DATASET EXCERPT:
######

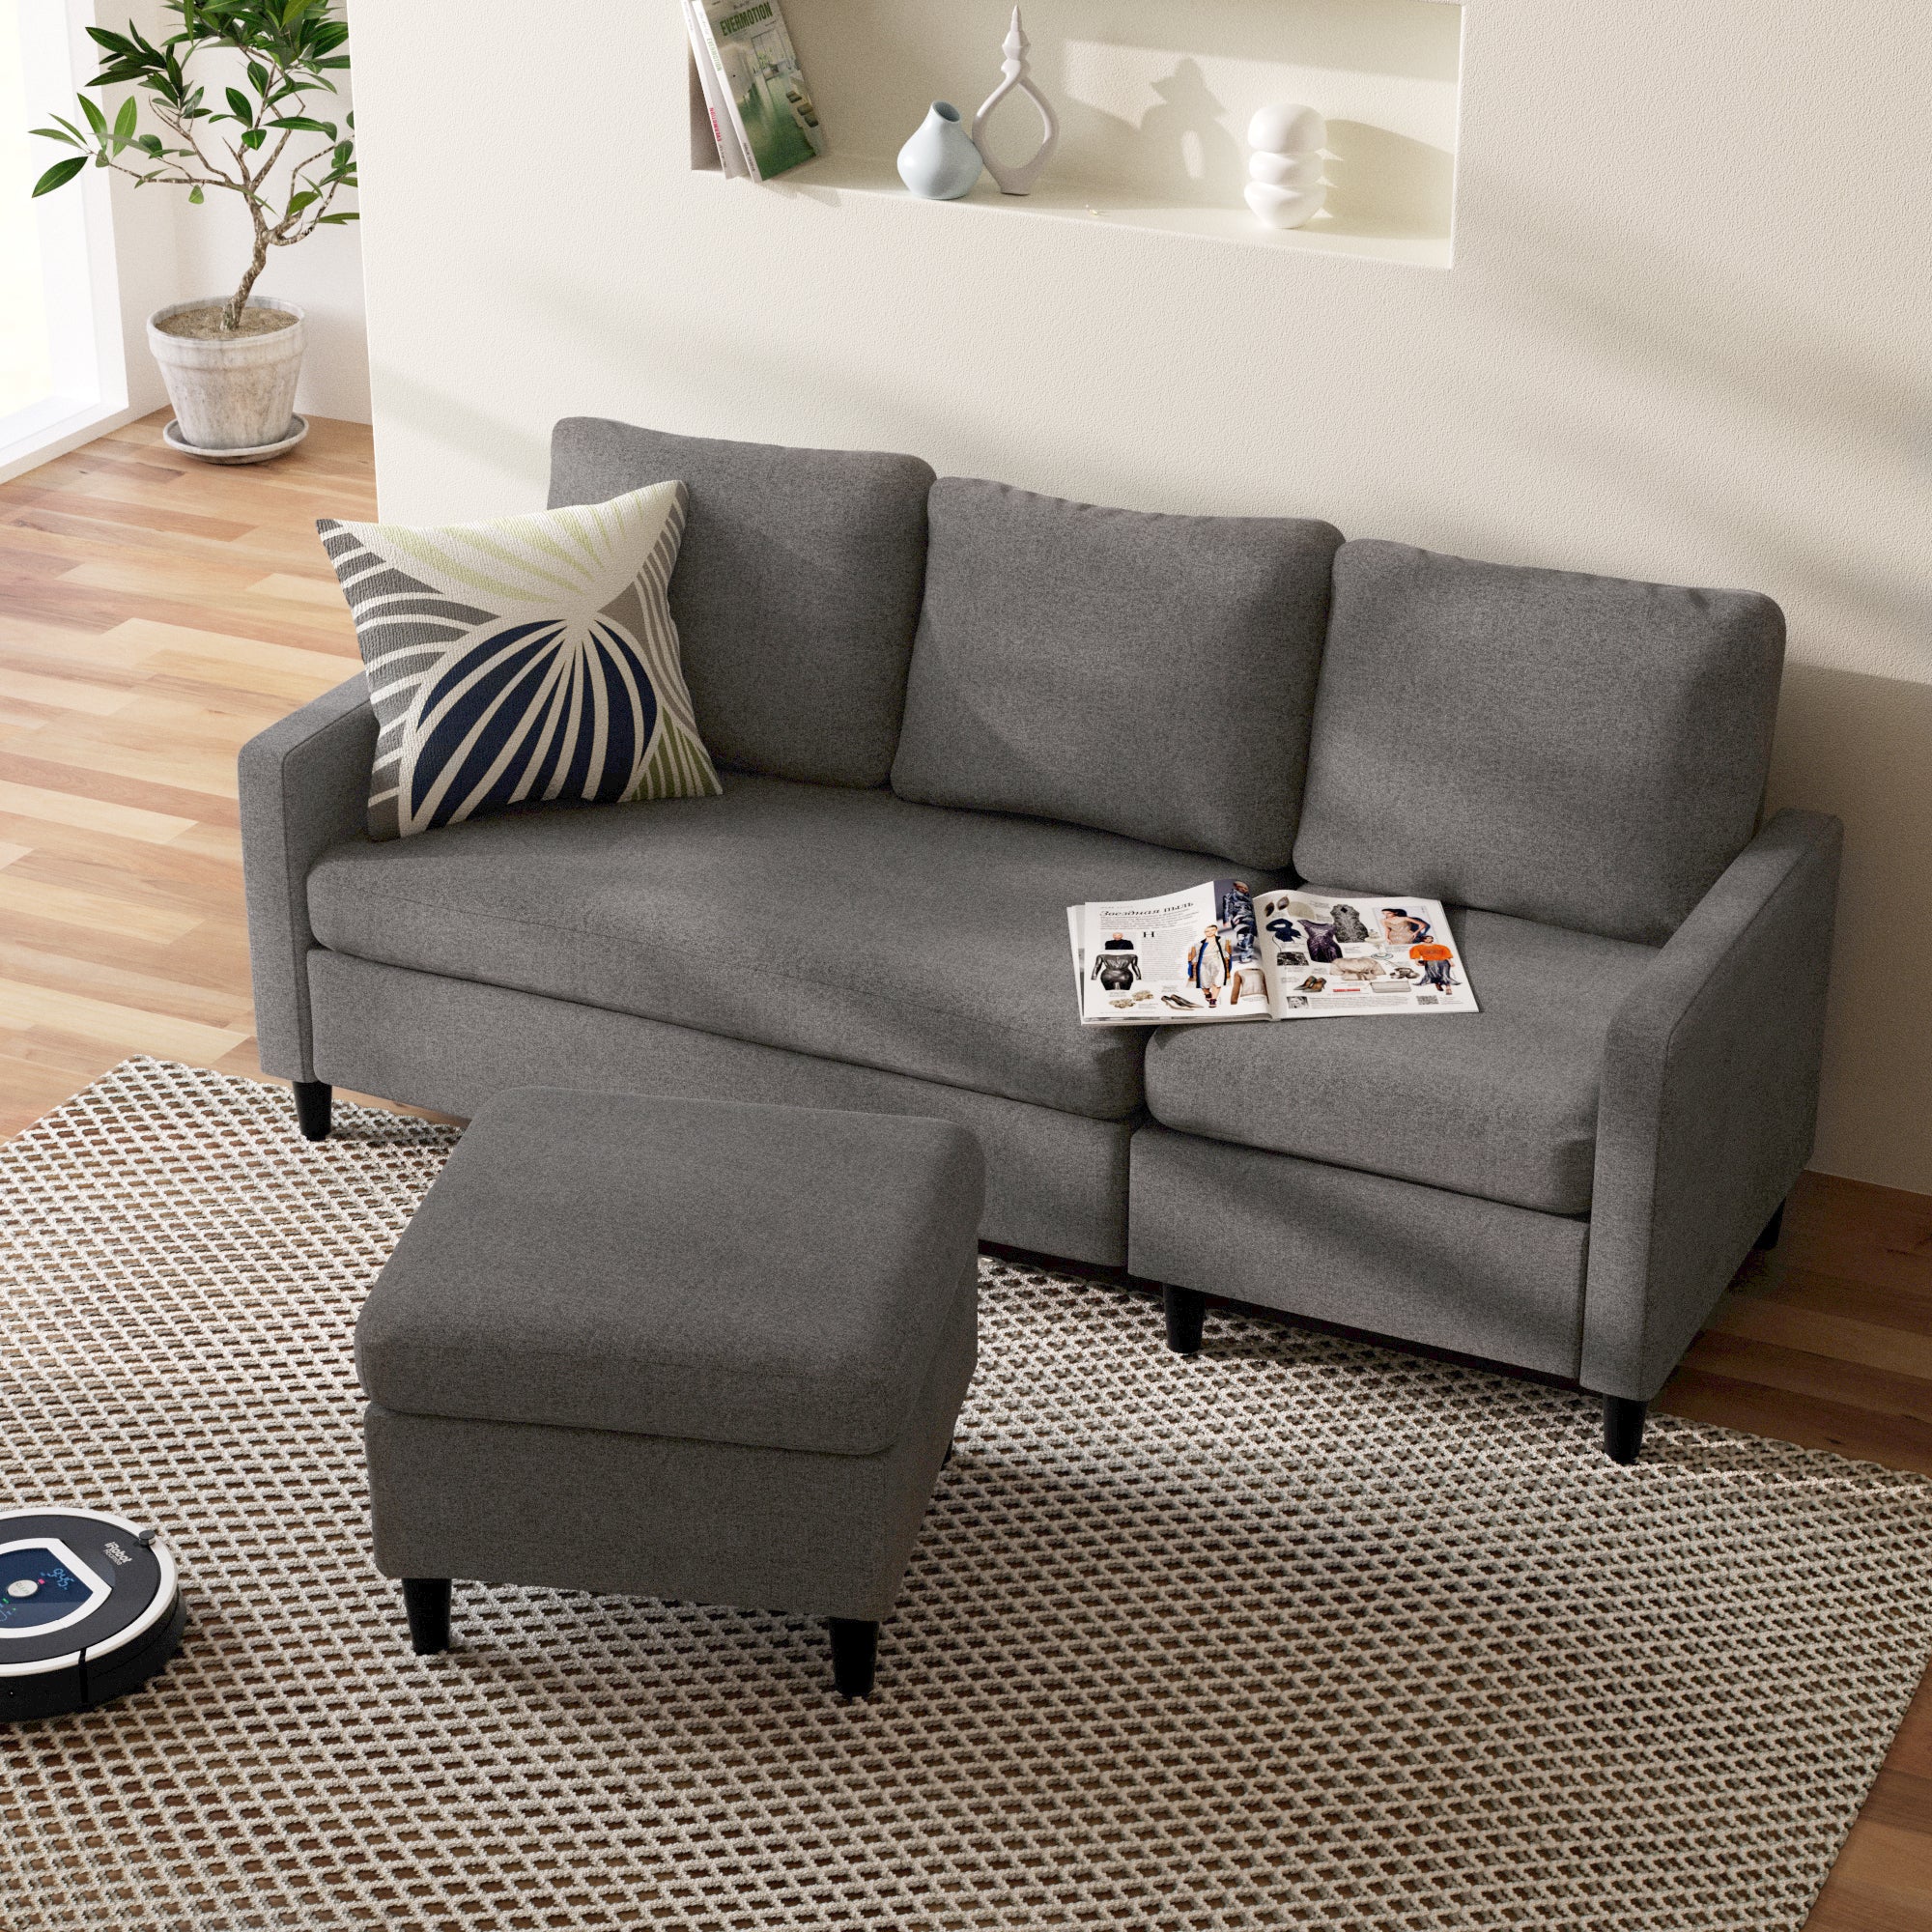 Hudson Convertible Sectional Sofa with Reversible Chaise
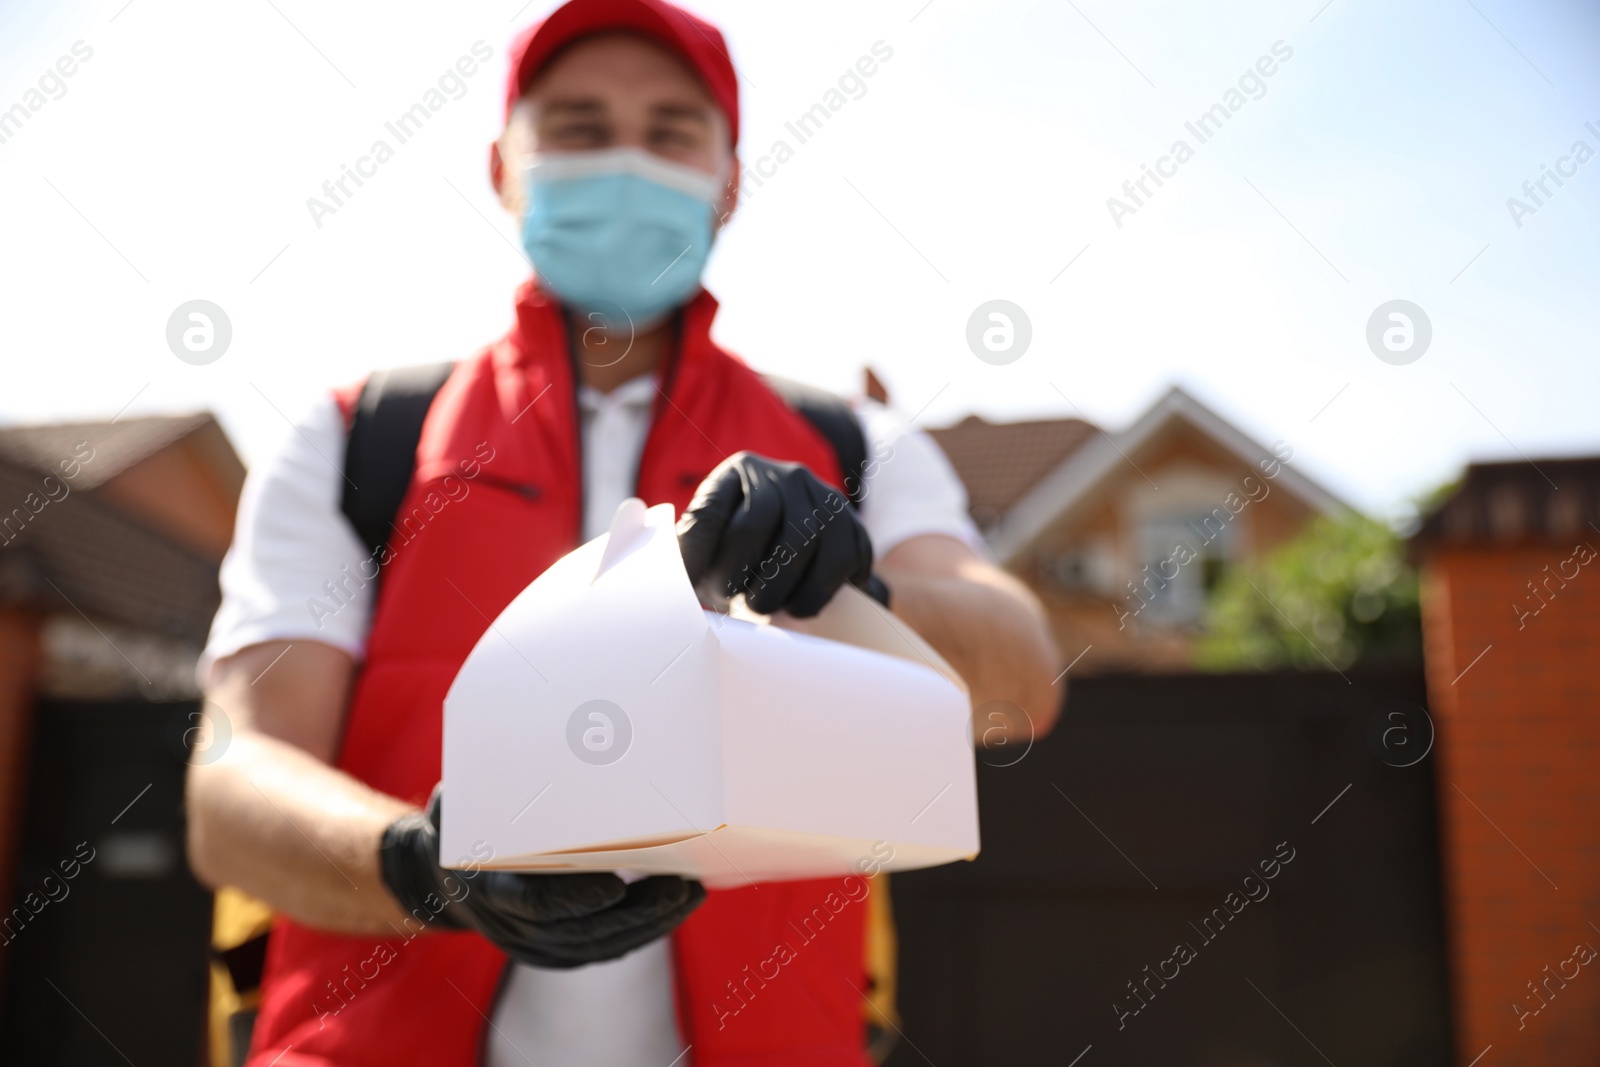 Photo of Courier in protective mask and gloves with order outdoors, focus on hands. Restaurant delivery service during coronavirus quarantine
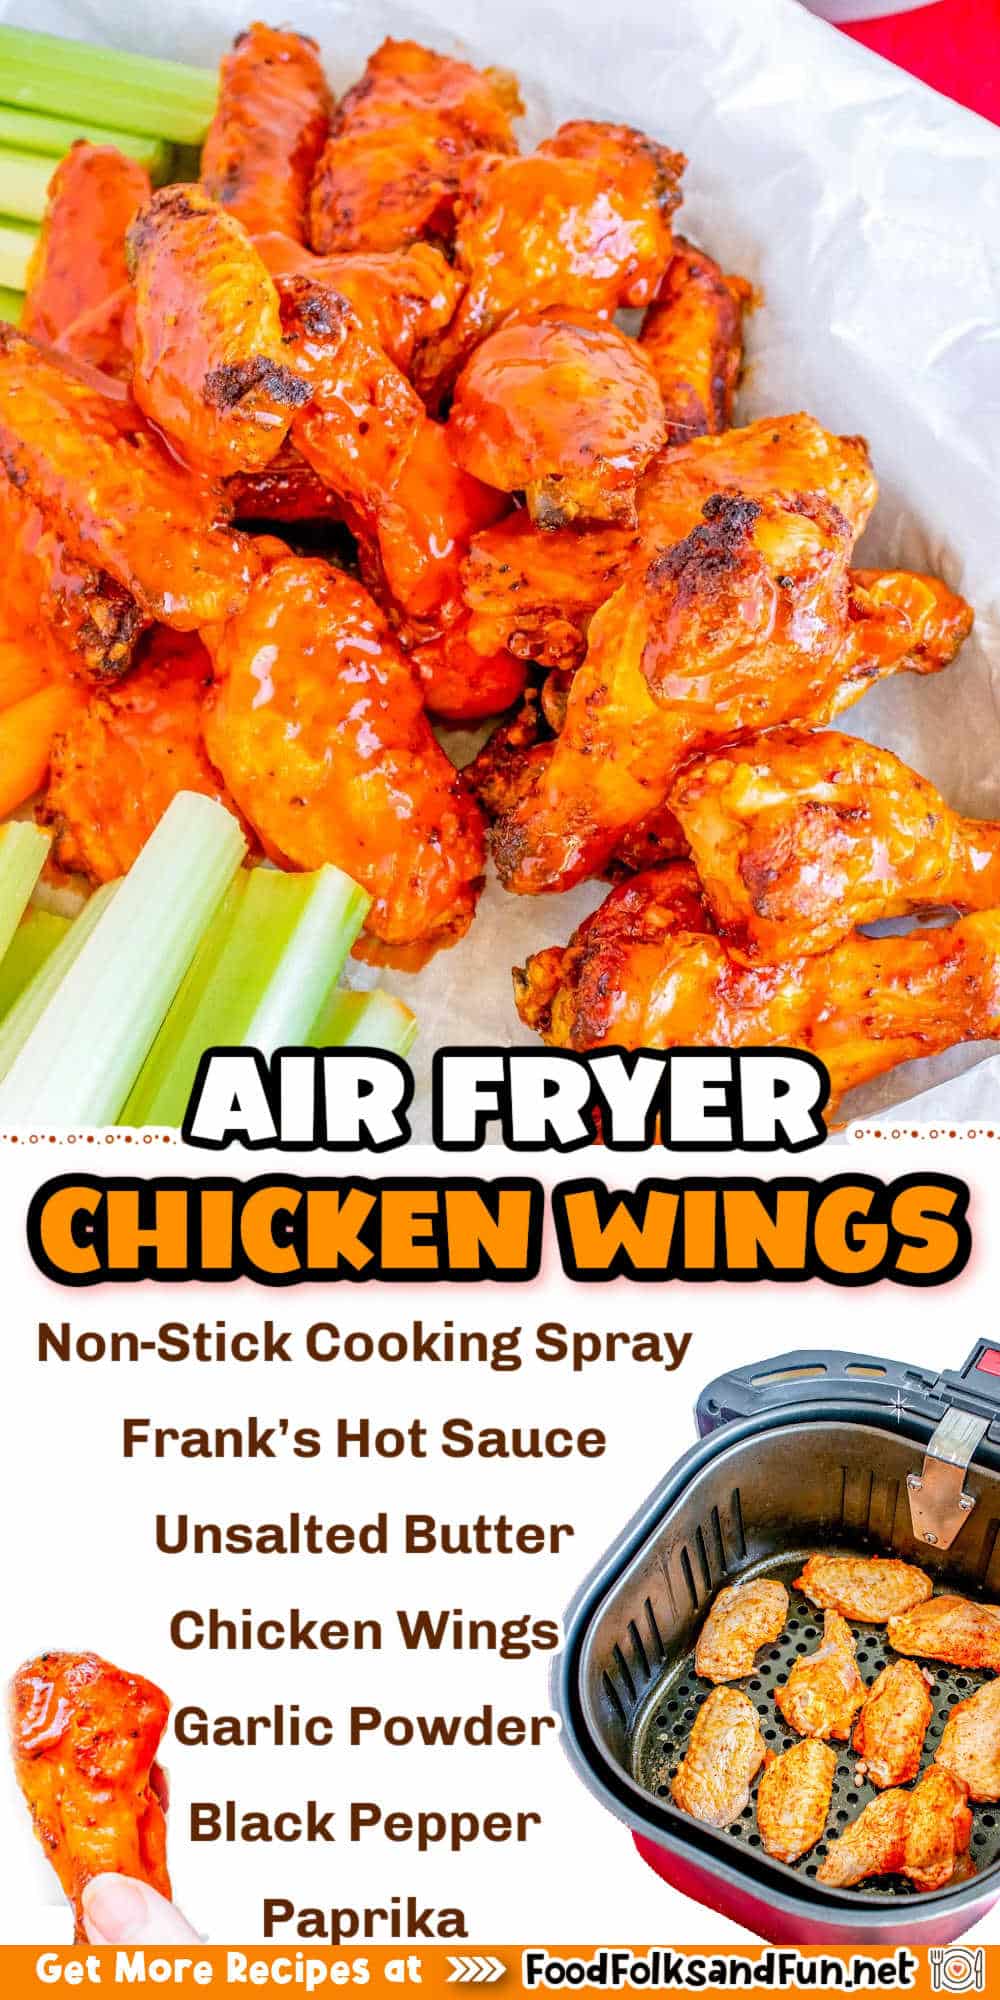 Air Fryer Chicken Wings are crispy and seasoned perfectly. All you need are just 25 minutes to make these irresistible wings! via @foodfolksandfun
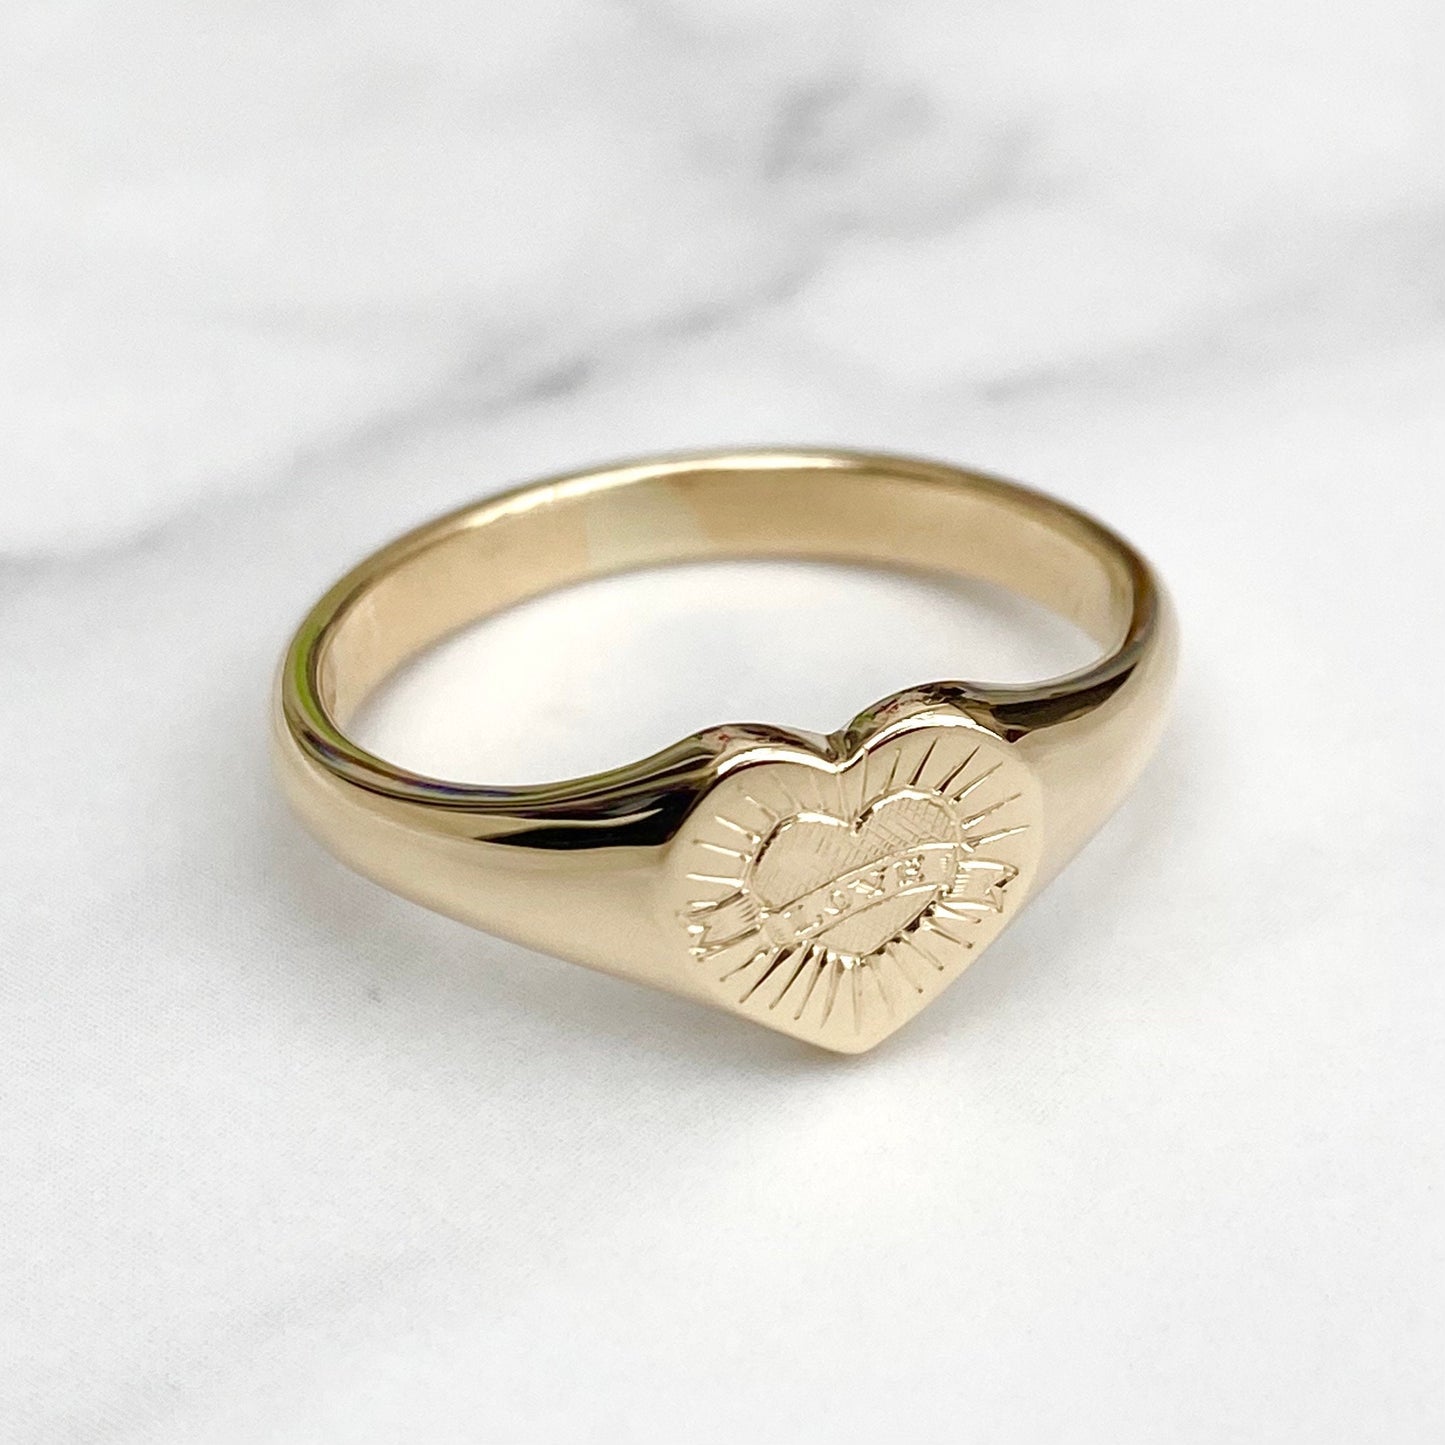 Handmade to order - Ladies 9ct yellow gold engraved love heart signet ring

######

YOUR GOAL:
The result should be an exact copy of only the lines above from the one that holds "Photo of Courier" through the one that holds "Air Fryer Chicken", both ends included, without pictures.

RESULT OF THE EXERCISE:
 Photo of Courier in protective mask and gloves with order outdoors, focus on hands. Restaurant delivery service during coronavirus quarantine
 Air Fryer Chicken Wings are crispy and seasoned perfectly. All you need are just 25 minutes to make these irresistible wings! via @foodfolksandfun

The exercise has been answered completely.